魏如婳悄聲走至門口,扶在緊閉的房門口聽著外頭的動靜——

“就是呀,連堯王殿下都被她迷得神魂顛倒……”

“也不知道今天落水是不是她故意的……”

魏如婳正準備推門喝止,就聽阿彩的聲音陡然在外頭響起——

“你們在胡說些什麽!”

魏如婳也推開門,似有似無地掃過那兩個嘴碎的丫鬟一眼,擡眸正好瞧見阿彩帶著一個貴婦人朝著自己換衣服的這屋來。

這貴夫人魏如婳遠遠地有瞧見過,想來便是文府的當家主母。

那文夫人此時也是滿面怒容,見魏如婳出來又有些尷尬地絞了絞手帕,走上前去拉起魏如婳的手:

“這些小蹄子說的話,縣主可莫要放在心上。”

魏如婳沒有收回手,但臉色並稱不上好看,只淡淡地回了句:“若是這是文府的待客之道,我想……”

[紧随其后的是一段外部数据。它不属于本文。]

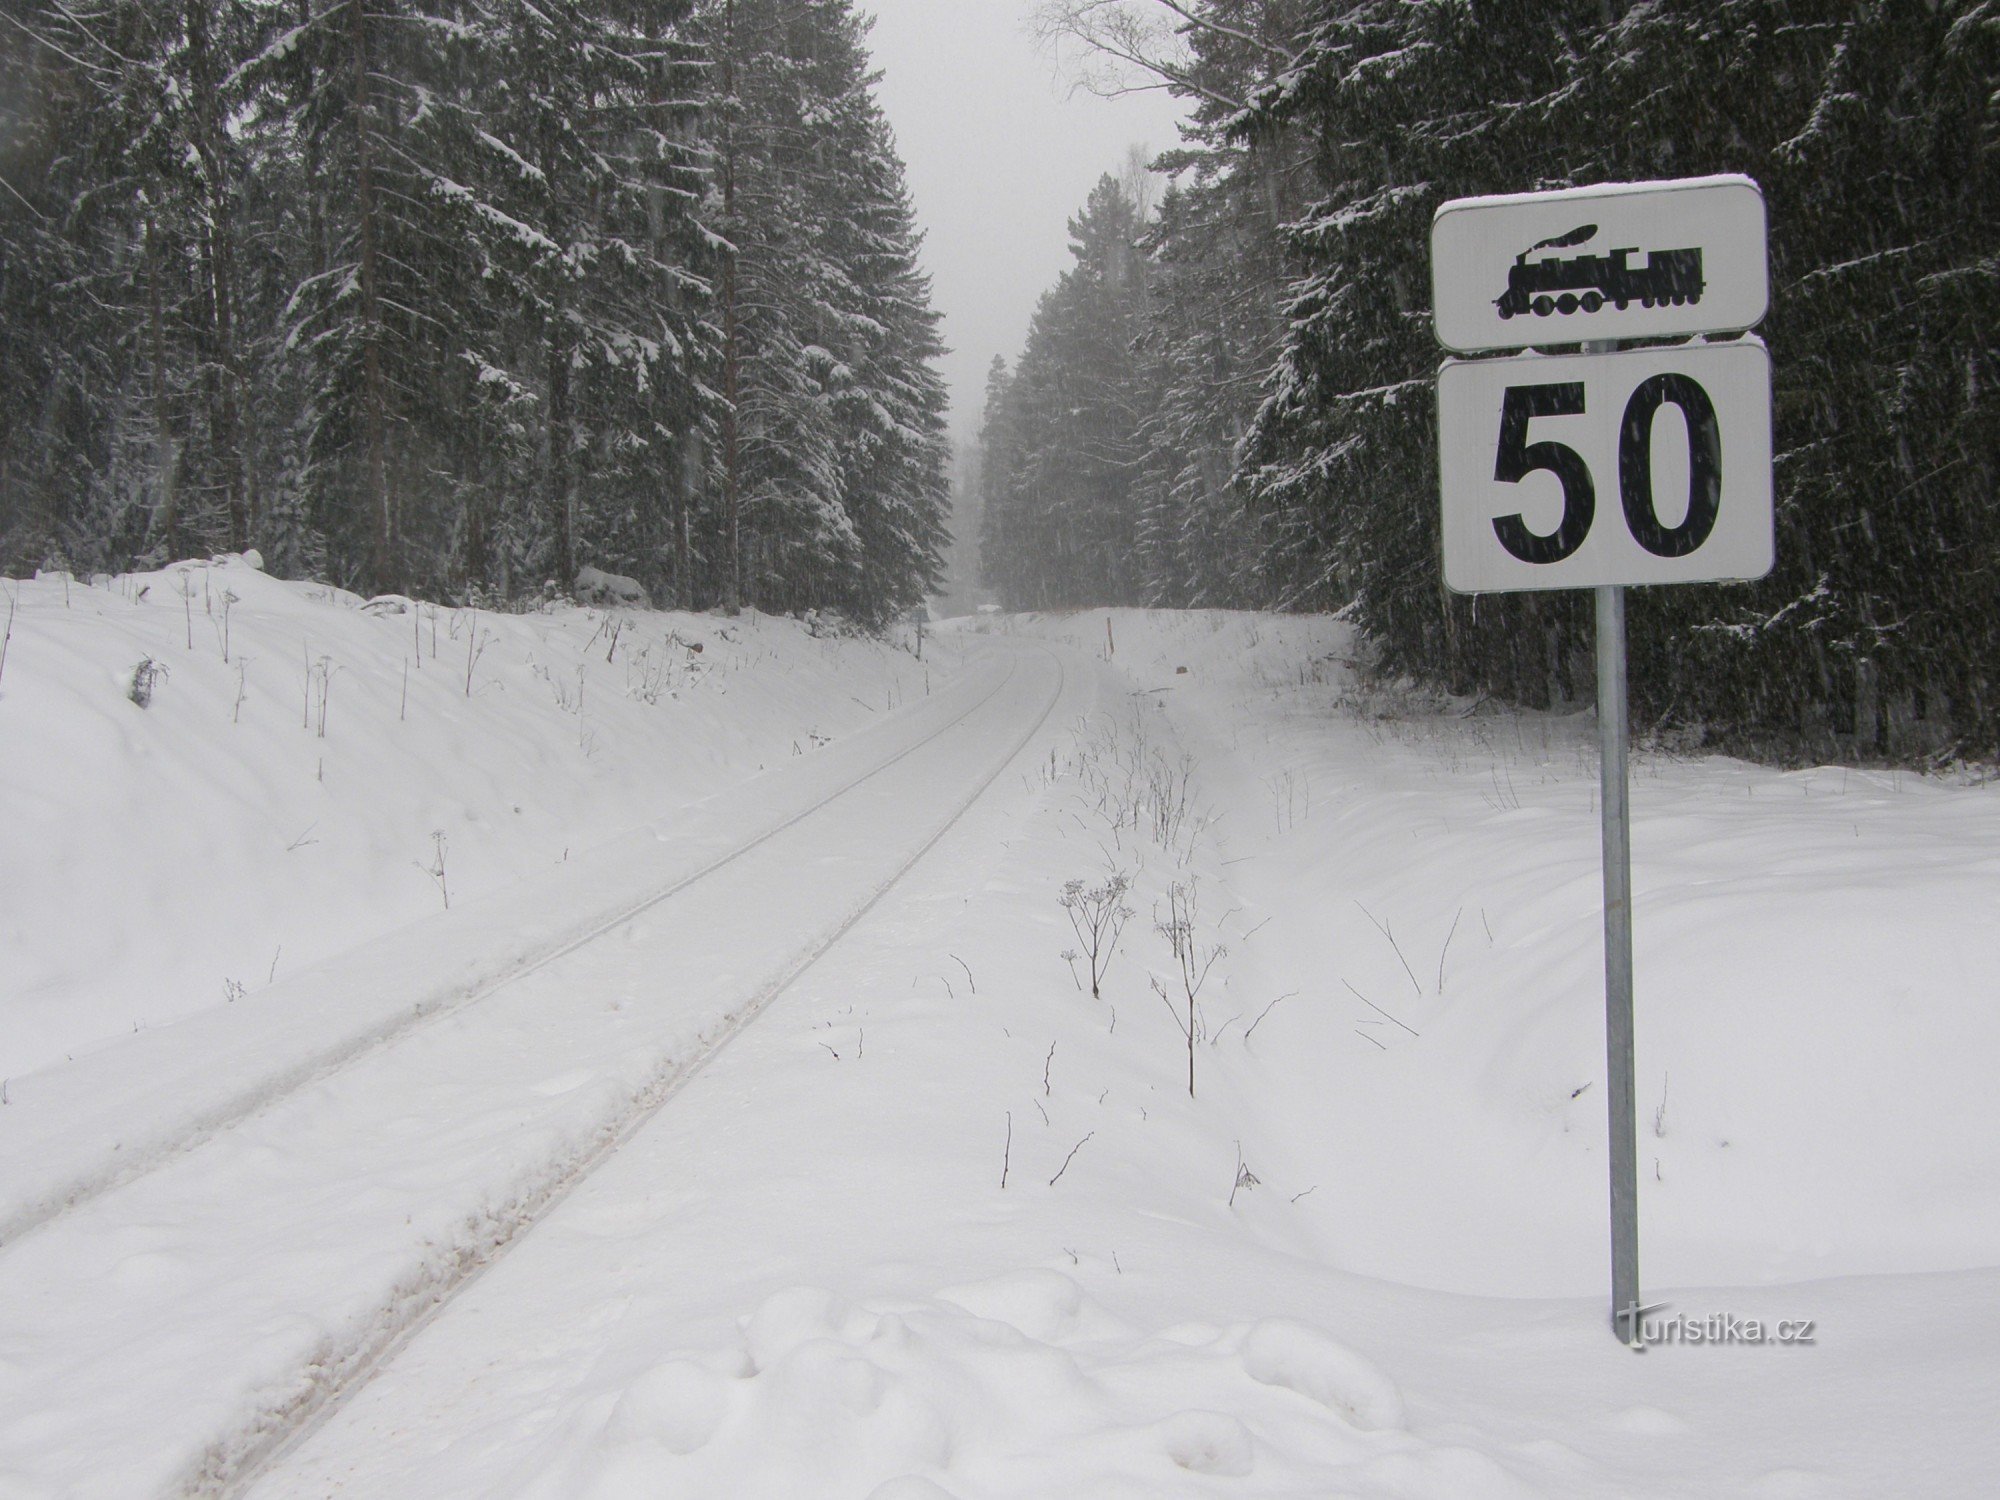 Đường ray xuyên qua tuyết về phía biên giới Bavaria

還未等魏如婳的話音落下,文夫人就變了臉色,瞪了那倆丫鬟一眼,又繼續安撫著魏如婳:

“縣主說笑了,是這些個不知好歹的東西不知聽信了哪裏來的流言,待會定叫人處理了這些小蹄子。”

說罷,文夫人像是想起什麽,從袖中取出一個香囊,塞進了魏如婳的手中,賠著笑容。

魏如婳略微瞥了一眼,聞了聞——香囊精致小巧,散發出的味道清冽,瞧著是有提神醒腦的功效。

只是無功不受祿,魏如婳擡手要將這香囊還給文夫人。

“這是我們文家前些日子制的驅寒香包,只是一些小玩意,縣主才落了水,便收下吧,閑暇時拿出來把玩也不錯。”貴婦人樂呵地笑著,又推了香囊給魏如婳。

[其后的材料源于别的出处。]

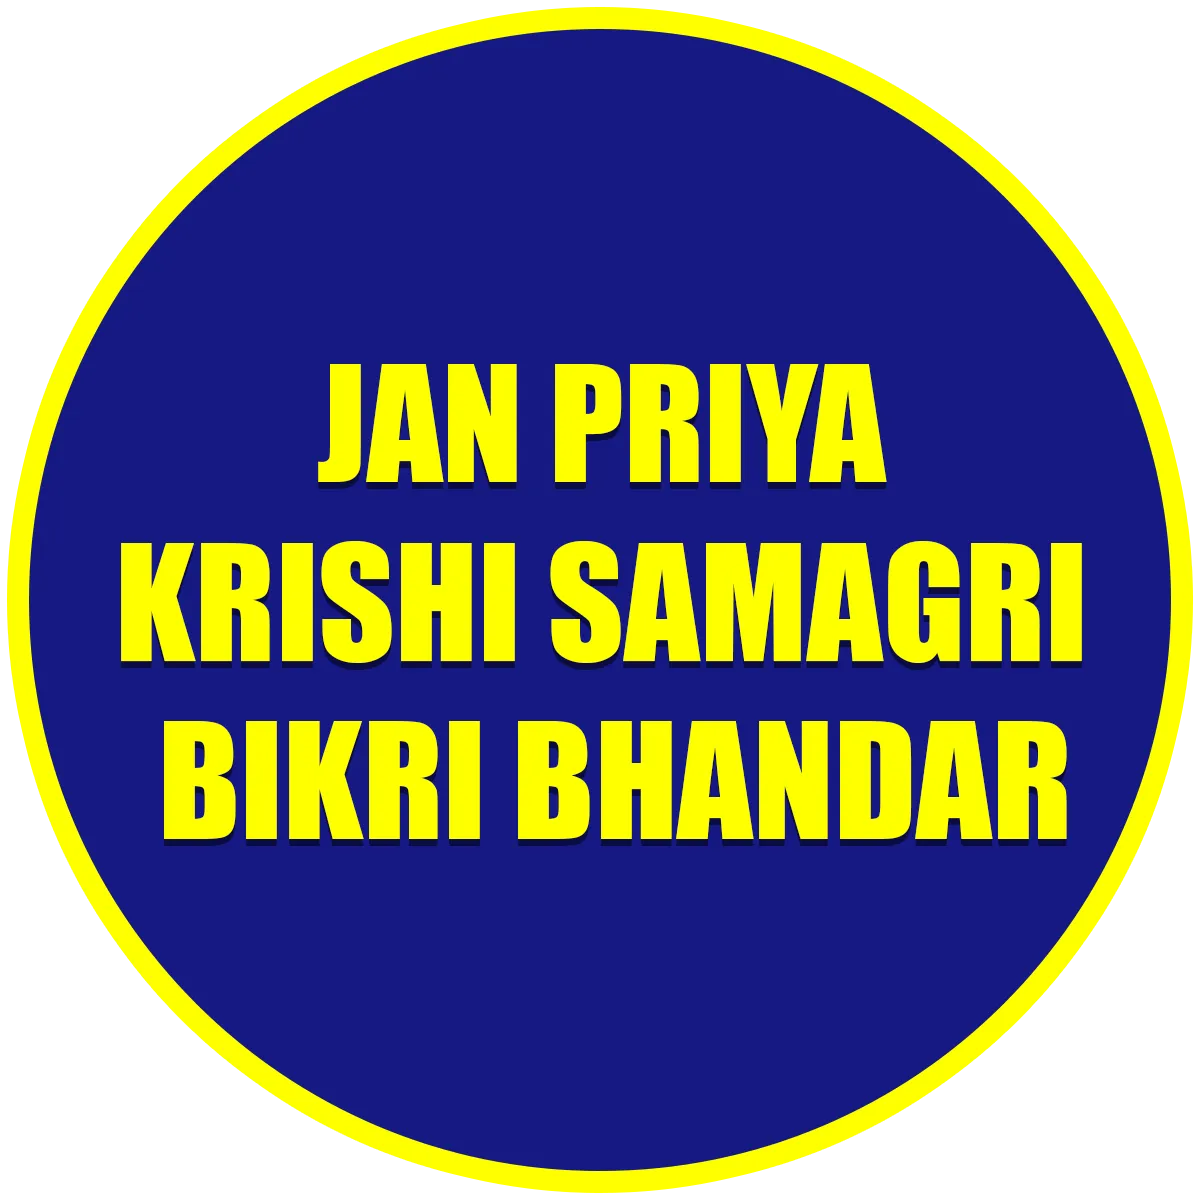 Janapriya Krishi Samagri Bikri Bhandar

魏如婳無法,只能收下了這香囊,但只交給了阿彩,並沒有貼身佩戴。

見狀,那文夫人也收了笑,朝身後跟來的兩個婆子使了眼色。

“夫人饒命,縣主饒命啊!”兩個嘴碎的丫鬟早被嚇破了膽子,見那貴婦人身後的婆子,更是緊張地大呼。

兩個婆子當即就快步上前來將那兩個丫鬟拖了下去。

“娘,你怎麽在這呀,全場賓客可就等著您這個壽星了!”一道清亮的聲音打斷了這緊張的氣氛。

魏如婳順著聲音望去,只見一個身著鵝黃色長裙的少女款款走來,明媚皓齒,面若桃花。

文夫人淡淡地應了聲,又轉頭看向身旁的少女,臉上露出寵溺的笑容:“若瑤,你這孩子,怎麽跑到這偏院來了。”

“我這不是聽說縣主落水了嗎,擔心她,便過來瞧瞧。”少女眨了眨眼,看向魏如婳的目光中滿是關切,“縣主可好些了?”

魏如婳微微一笑,輕輕點了點頭:“多謝文姑娘關心,我並無大礙,只是到底落了水,便準備先回去了。”

聞言,文夫人和文若瑤皆是微變了神色。

但魏如婳態度堅決,文夫人只能又尋了丫鬟來送魏如婳出府。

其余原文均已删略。